▶ [TASK DESCRIPTION]: Output nothing but the lines from the one holding "AmazonBasics Cut-End Cotton" to the end of the listing. Reproduce them exactly, without the pictures.

▶ [INPUT DATA]:
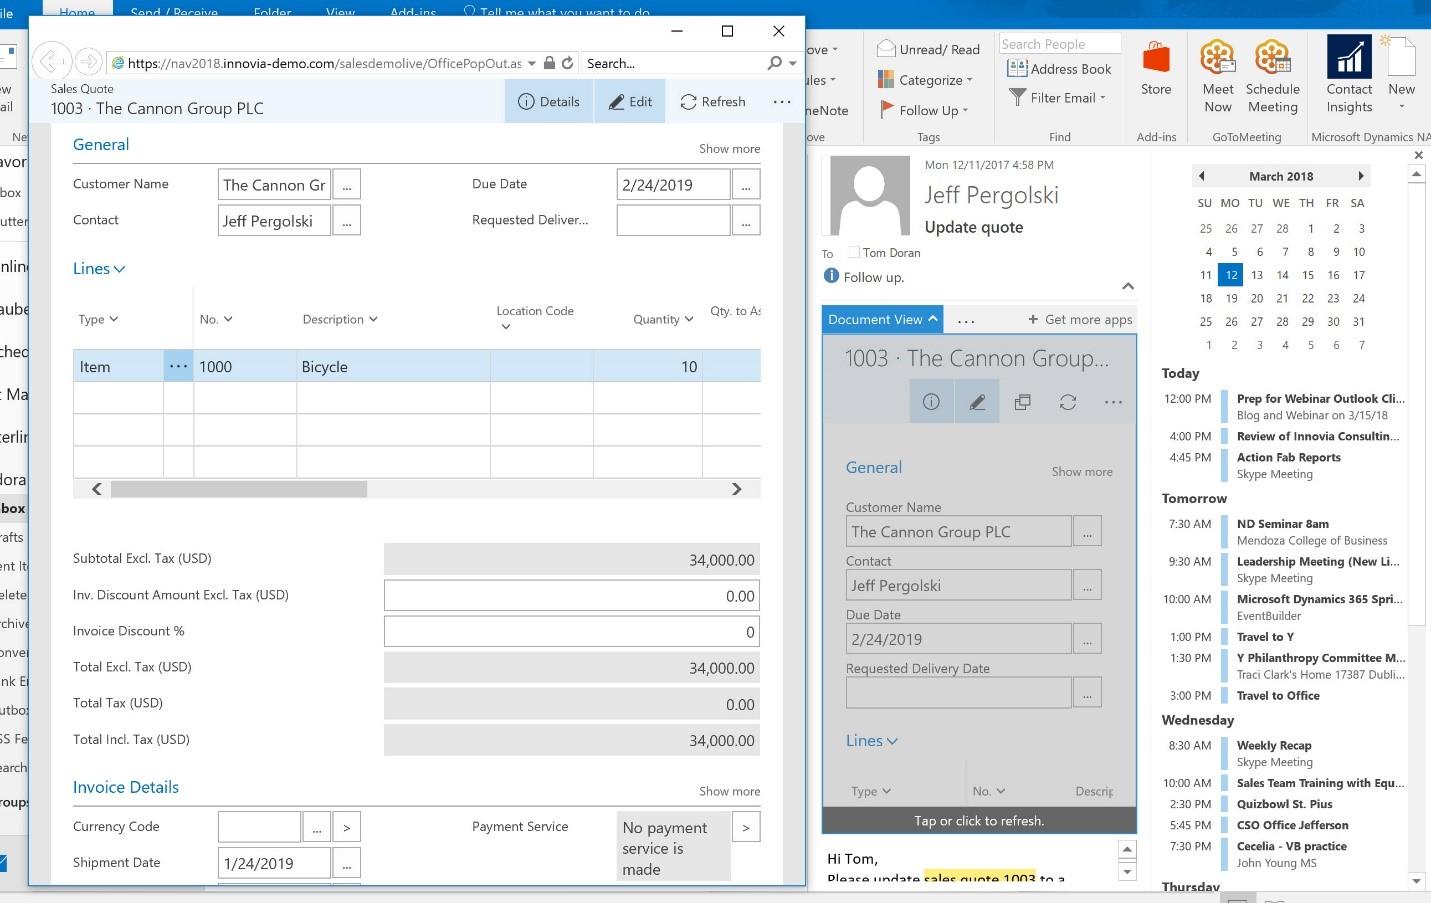 Innovia Outlook Client Image 3.jpg
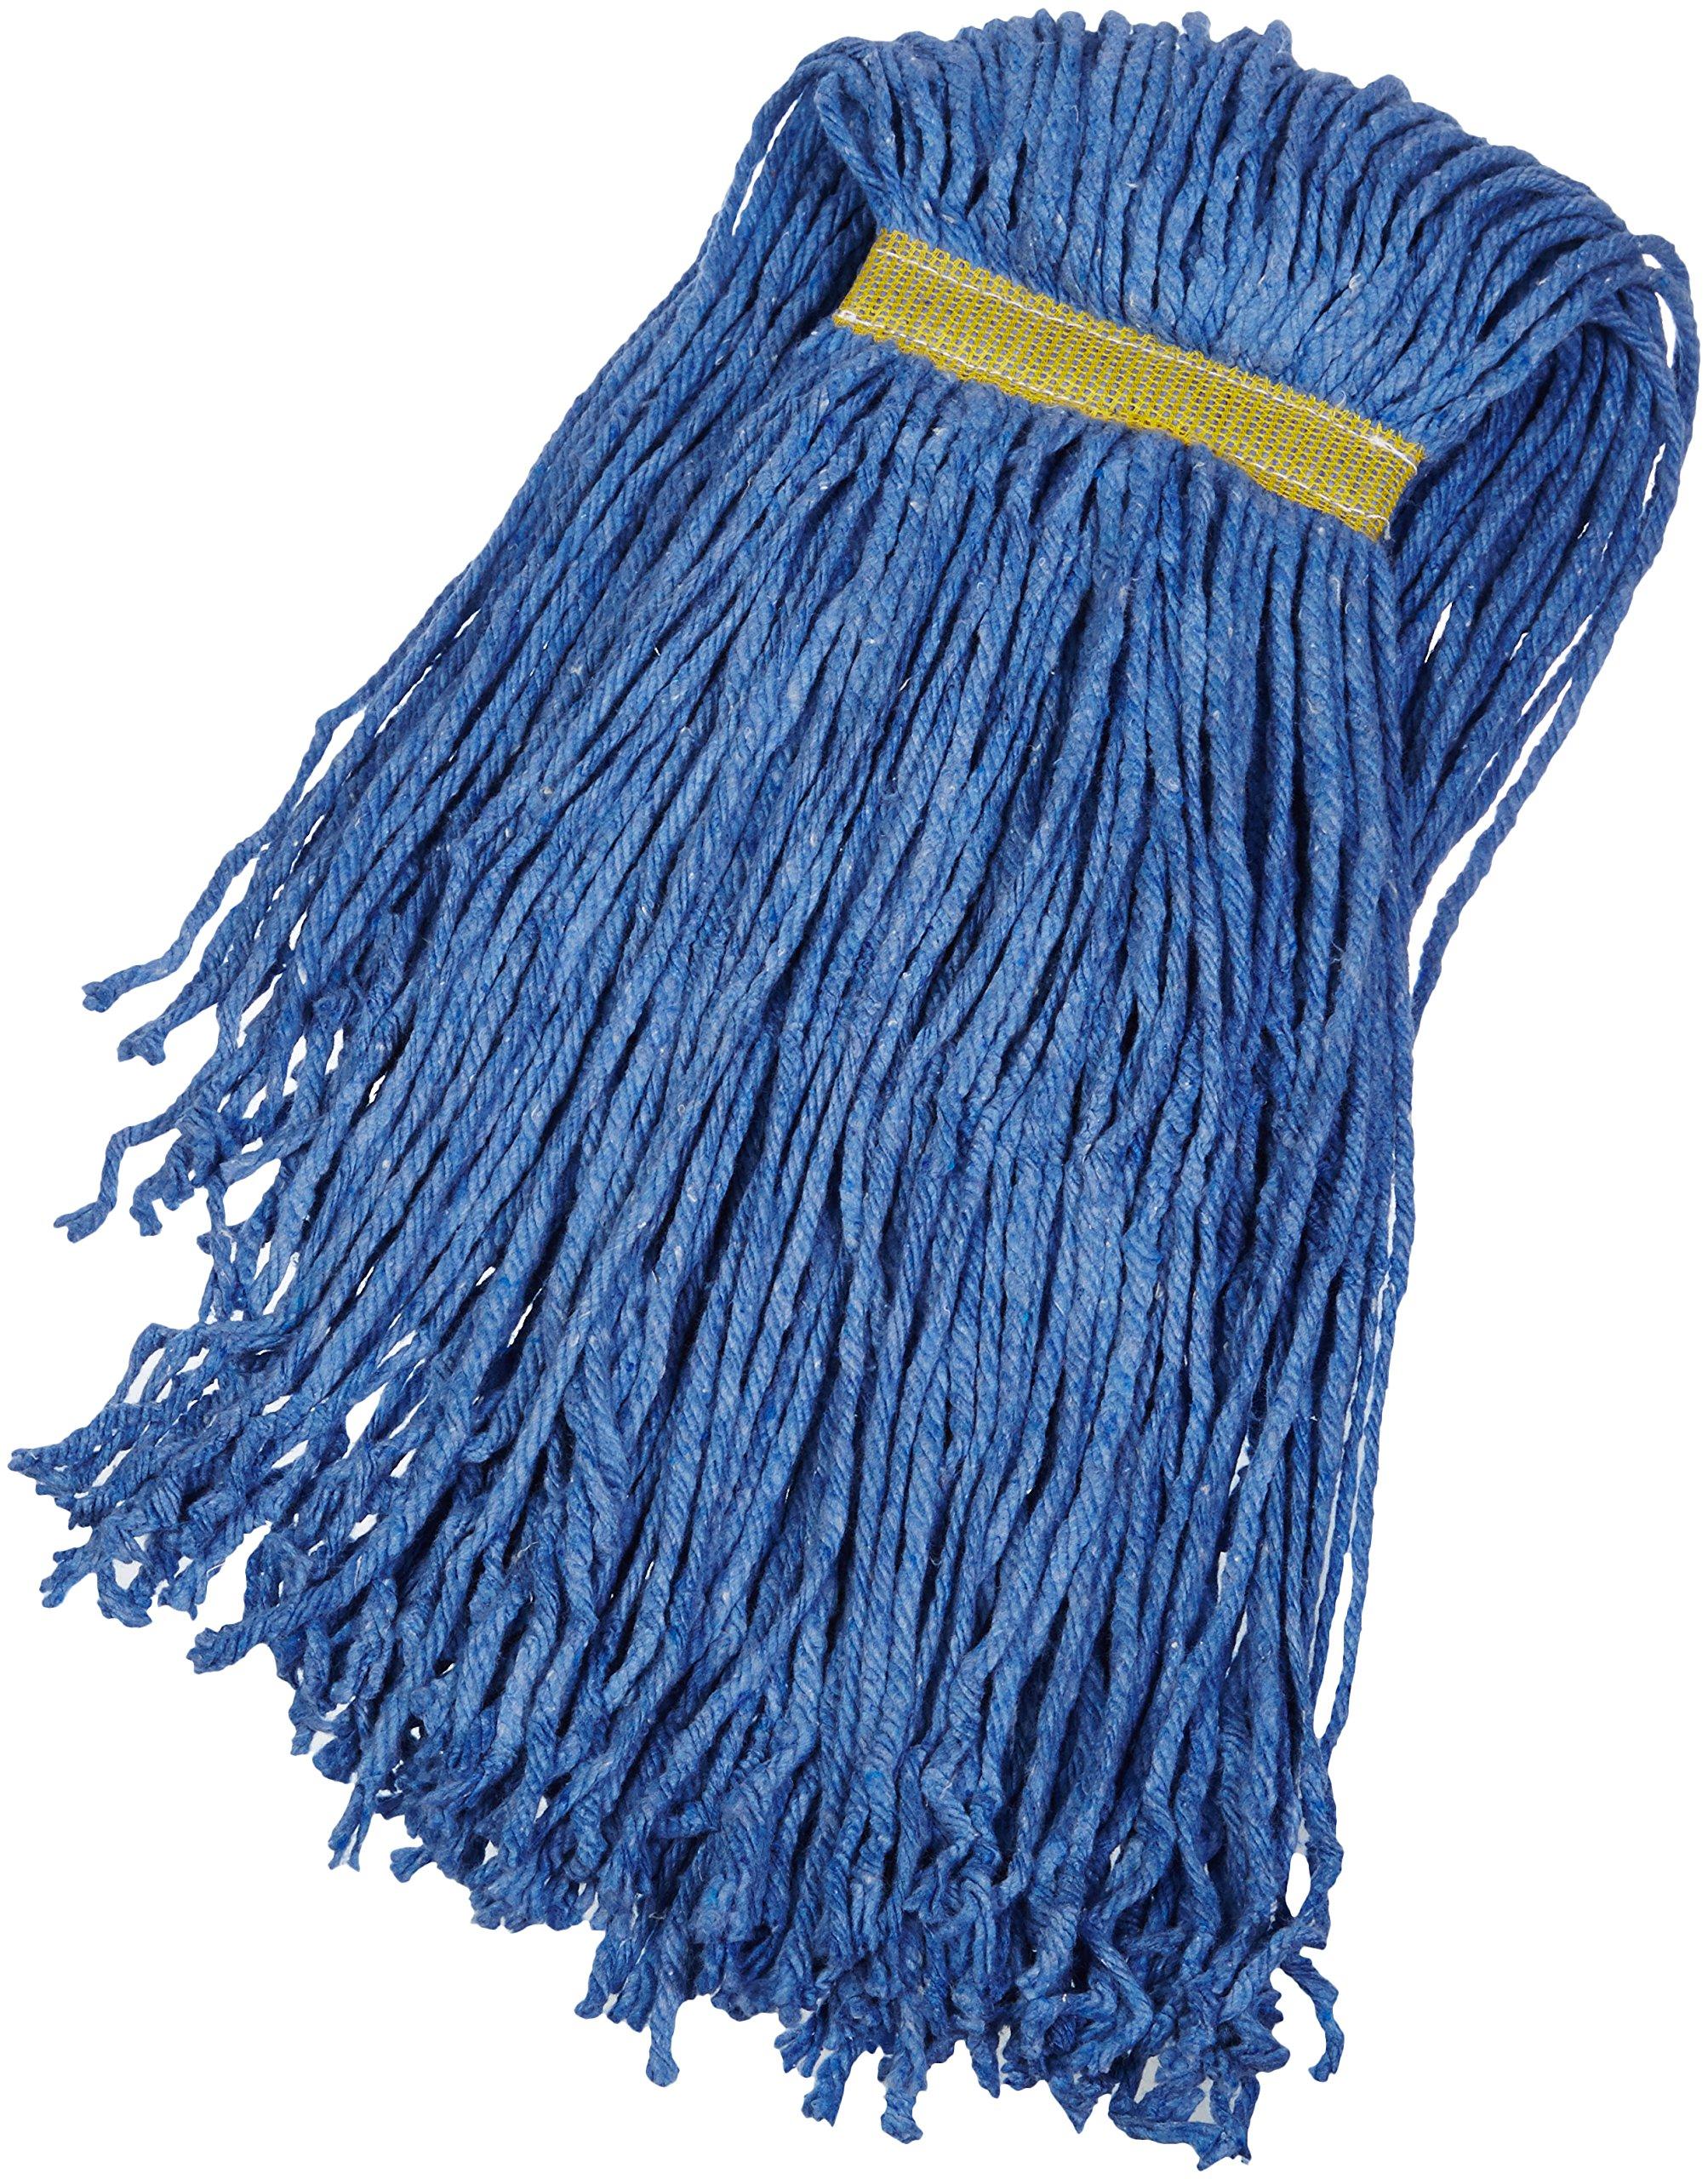 AmazonBasics Cut-End Cotton Mop Head, 1.25-Inch Headband, Large, Blue - 6-Pack
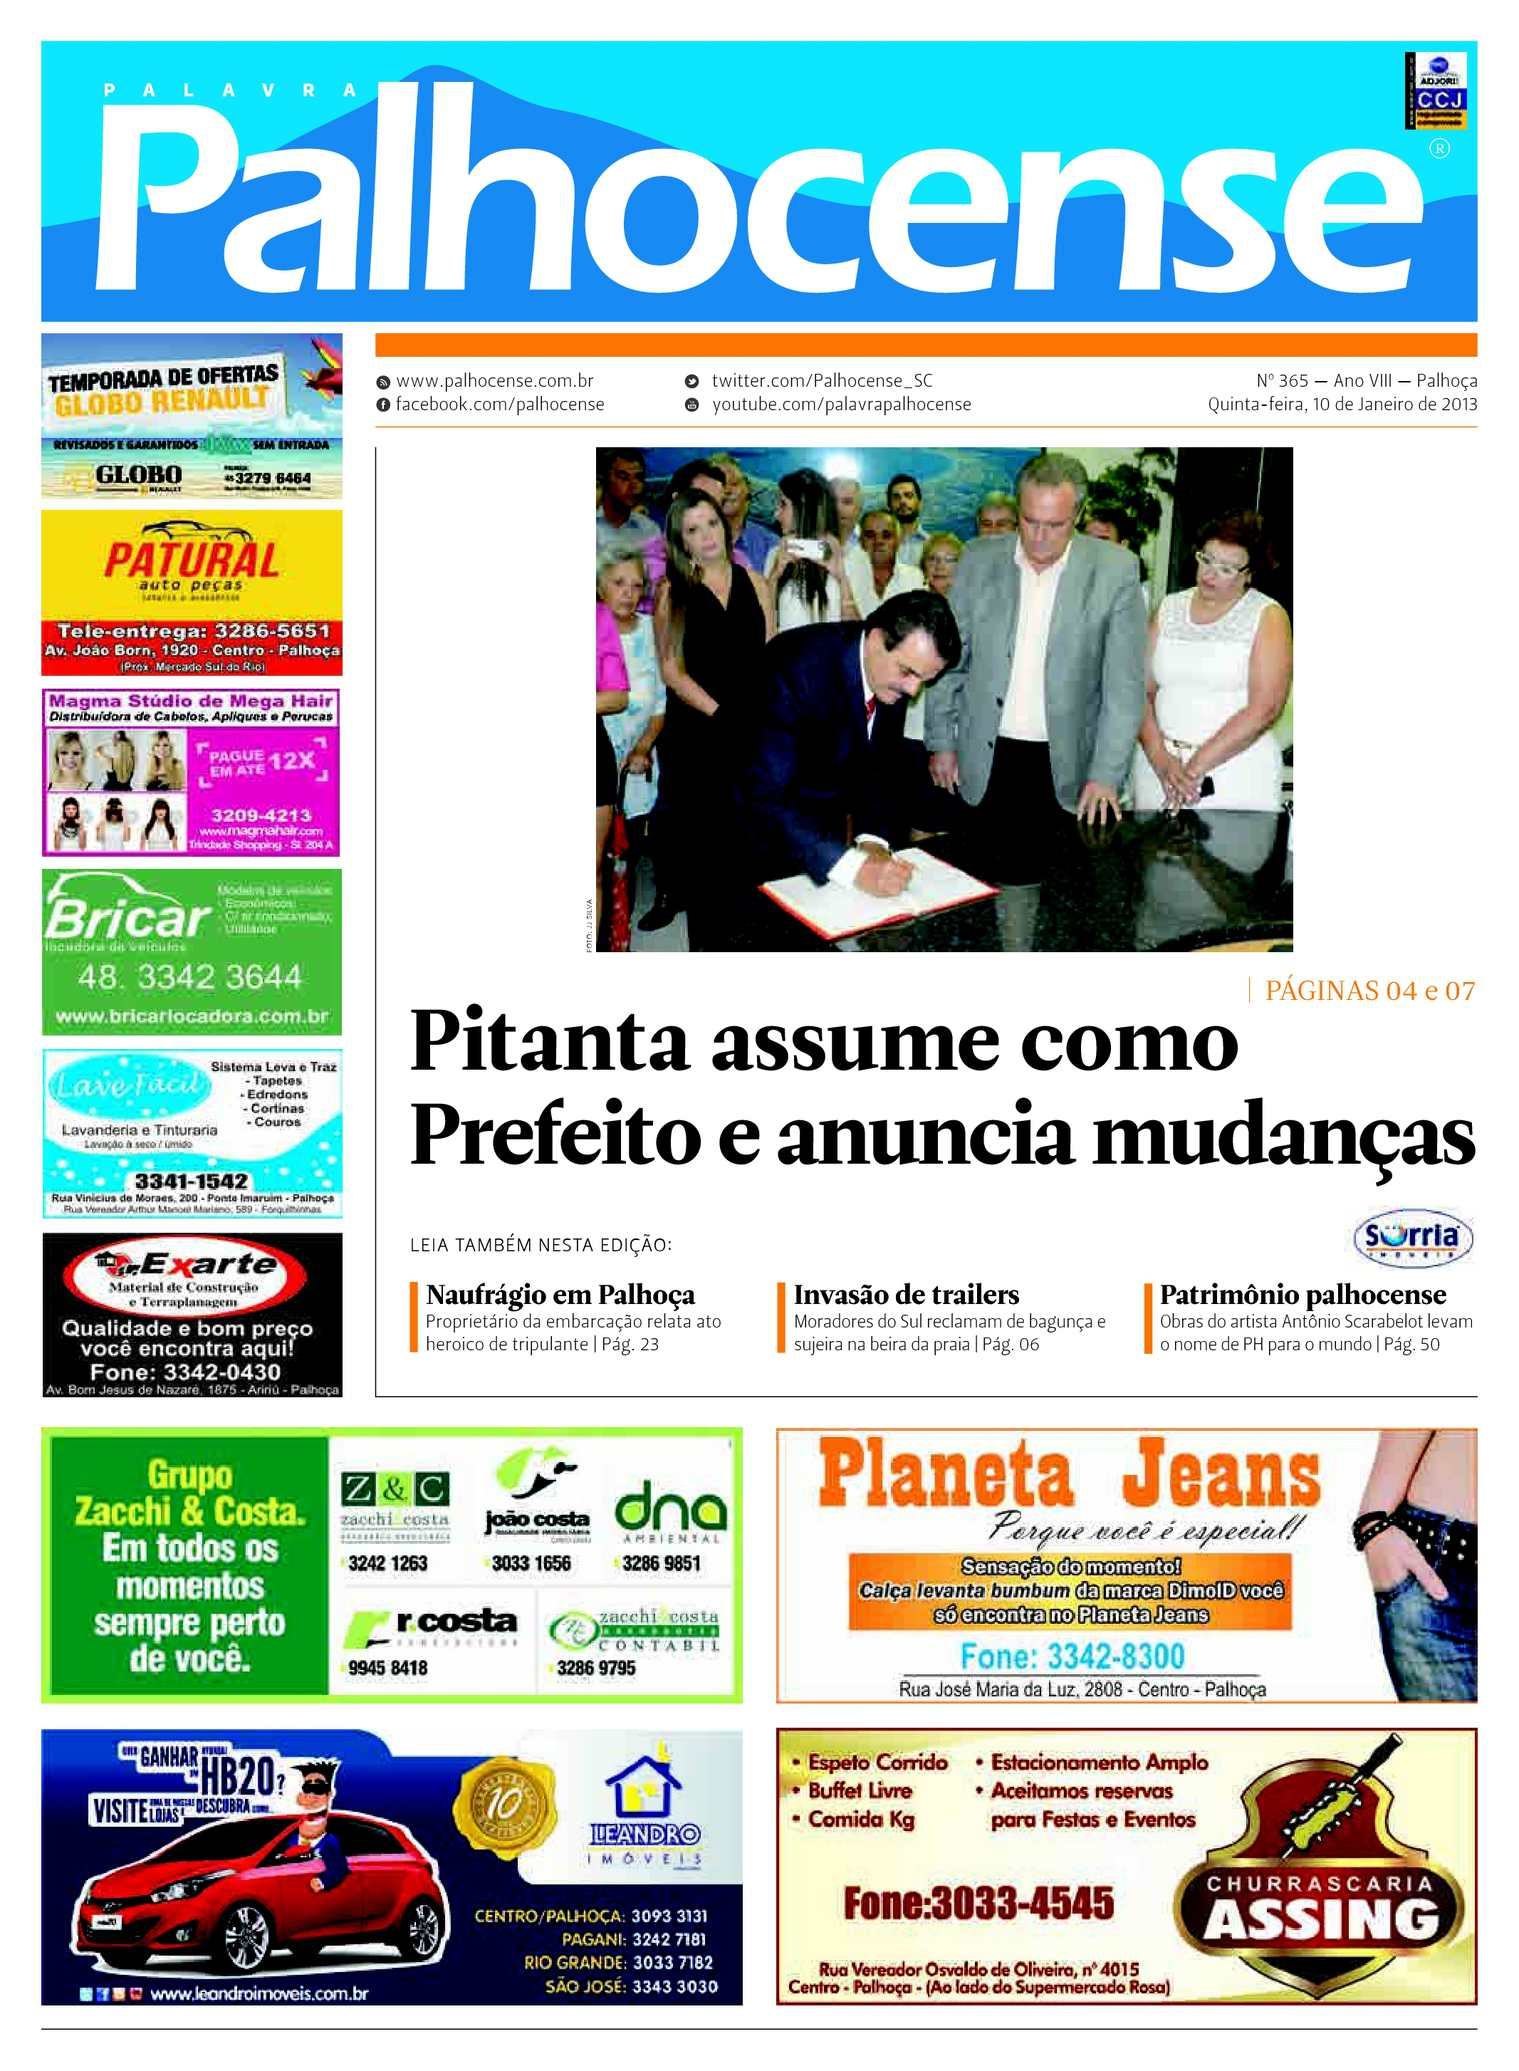 Calaméo - Jornal Palavra Palhocense - Edição 365 b0cb159aebbd2

▶ [OUTPUT]:
 AmazonBasics Cut-End Cotton Mop Head, 1.25-Inch Headband, Large, Blue - 6-Pack
 Calaméo - Jornal Palavra Palhocense - Edição 365 b0cb159aebbd2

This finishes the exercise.